In this chapter, we review the utility of genome-environment association approaches to infer the potential of wild accessions and landraces to make tropical crops more resistant to climate change, using the food crop common bean (Phaseolus vulgaris L.) as a model. Wild beans are thought to have diversified and adapted locally in South and Central America from an original range in Central America [1, 2], after which domestication in the southern and northern ends of each region gave origin to Andean and Mesoamerican domesticates, respectively [3, 4, 5, 6, 7]. Both gene pools followed somewhat parallel pathways of dissemination through the world, generating new secondary centers of diversity in Africa and Asia [8].

Common bean is a source of nutrients and protein for over 500 million people in Latin America and Africa, and more than 4.5 out of 23 million hectares are grown in zones where drought is severe, such as in northeastern Brazil, coastal Peru, the central and northern highlands of Mexico, and in Eastern and Southern Africa [9, 10]. This situation may worsen as increased drought due to climate change will reduce global crop production in greater than 10% by 2050 [11]. Increasing drought tolerance in common bean varieties is therefore needed. Characterizing geo-referenced landraces and wild accessions of common bean at the genetic level (e.g., Figure 1) and quantifying single-nucleotide polymorphism (SNP) allelic associations with a bioclimatic-based drought index offer an efficient path to identify adaptive variations suitable to breed new drought-tolerant varieties.

Figure 1.

Geographic distribution of wild relatives (light gray) and landraces (dark gray) of common bean and its diversity in terms of seed size, colors, and patterns. Modified from Cortés et al. [12].

In the following two sections, we fist explain the theoretical bases behind genome-environment associations, as well as its caveats (Section 2), and later we exemplify it with concrete cases that used geo-referenced landraces and wild accessions of common bean to infer naturally available adaptive variations (Section 3).

Advertisement

2. Strategies to infer adaptability of wild relatives and landraces to their natural habitats

Understanding the genomic signatures associated with environmental variation provides insights into how species adapt to their environment [13, 14, 15]. Recent genomic studies in wild populations have demonstrated that genome-environment associations, which are associations between SNP alleles and accessions’ environment of origin, can indeed be used to identify adaptive loci and predict phenotypic variation. For instance, Turner et al. [16] predicted genetic adaptive variation to serpentine soils in Arabidopsis lyrata; Hancock et al. [17] identified climate-adaptive genetic loci among a set of geographically diverse Arabidopsis thaliana; Fischer et al. [18] predicted adaptive variation to topoclimatic factors in Arabidopsis halleri; Pluess et al. [19] predicted genetic local adaptation to climate at a regional scale in Fagus sylvatica; and Yeaman et al. [20] detected convergent local adaptation in two distantly related species of conifers.

This genome-environment association approach has also been explored in some crop accessions as a prospection strategy of germplasm, alternative to traditional phenotyping.

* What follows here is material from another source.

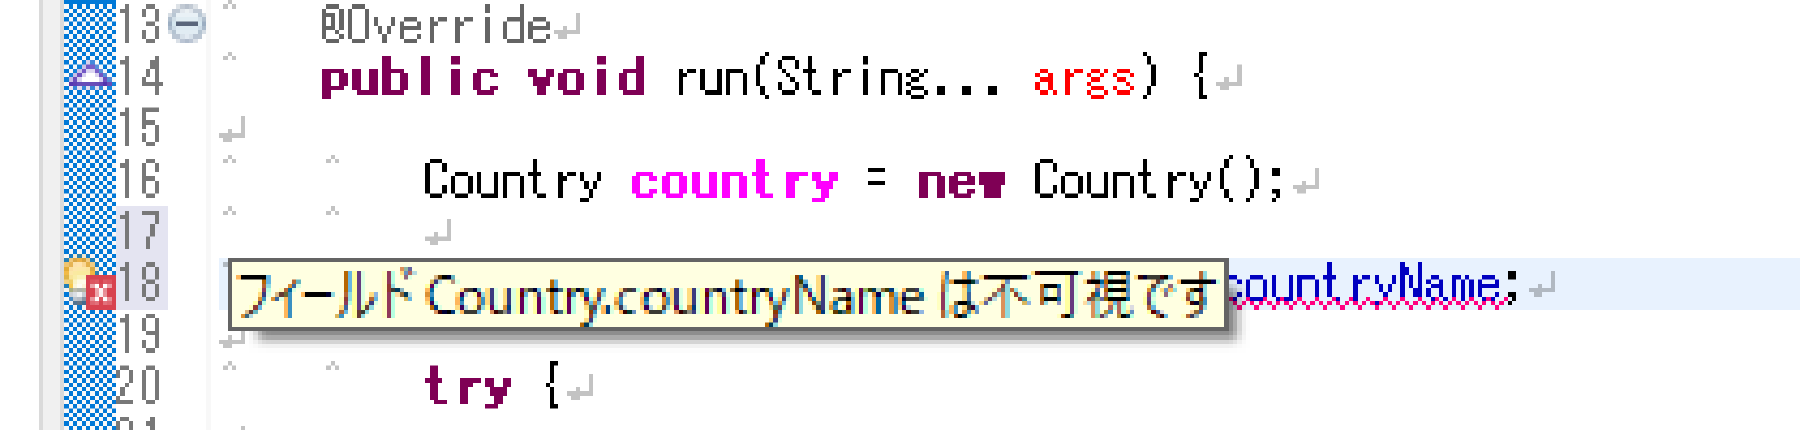 countryName は private なので、外部から参照できない

For example, Yoder et al. [21] was able to capture adaptive variation to thermal tolerance, drought tolerance, and resistance to pathogens in Medicago truncatula; Lasky et al. [22] predicted genotype-by-environment interactions to drought stress and aluminum toxicity in Sorghum bicolor; and Berthouly-Salazar et al. [23] uncovered genomic regions involved in adaption to abiotic and biotic stress on two climate gradients in Cenchrus americanus.

Nonetheless, since genomic signatures associated with habitat heterogeneity can result from causes other than adaptation and selection [24, 25], for example, random genetic drift (Figure 2), and are also influenced by differences in ancestral variation and recombination in the genome [27, 28, 29], some further approaches need to be undertaken to clarify the truthful nature of the divergent regions. For instance, the origin of habitat-associated variants from novel or standing genetic variation leads to distinctively different patterns of genomic divergence [30, 31, 32]. One approach that can help to distinguish these underlying causes of divergence is comparing summary statistics (i.e., Tajima’s D) from different genomic sections because demographic processes usually leave genome-wide signatures while selection tends to imprint more localized regions [33]. Specifically, habitat-mediated purifying selection is associated with localized low values of nucleotide diversity (π) [34] and Tajima’s D [35] and high scores of the Watterson’s theta (θ) estimator [36] because only low-frequency polymorphisms can avoid being eliminated by widespread directional selection. Although recent population bottlenecks tend to achieve the same reduction in nucleotide variation, this pattern is expected at a more genome-wide level. Similarly, local adaptation tends to homogenize haplotypes within the same niche, fix polymorphisms in different populations, and eliminate low-frequency polymorphism. Consequently, few haplotypes with high frequency are retained, corresponding to high values of nucleotide diversity (π) and Tajima’s D and low scores of the Watterson’s theta (θ) estimator [33]. While independent domestication events, extensive population structure, and population expansions after bottlenecks can produce the same patterns, these demographic processes also imprint genomes at a more genome-wide level.

Figure 2.

Multiple causes explain genome-environment associations. External processes, such as divergent selection, which is the main focus when assessing adaptation in wild relatives and landraces of crops, is only one of many possible causes. At the same time, the genomic background may be homogenized by gene flow. Similarly, background selection and genomic features in regions of reduced recombination rate and shared ancestral polymorphism (more prone to genetic drift due to their reduced effective population size) could induce hotspots of spurious genome-environment associations. Therefore, besides external processes driven by natural selection, both inherent properties of the genome and the demographic and evolutionary history of the crop influence the extent of the genome-environment associations. Modified from Ravinet, Faria [26].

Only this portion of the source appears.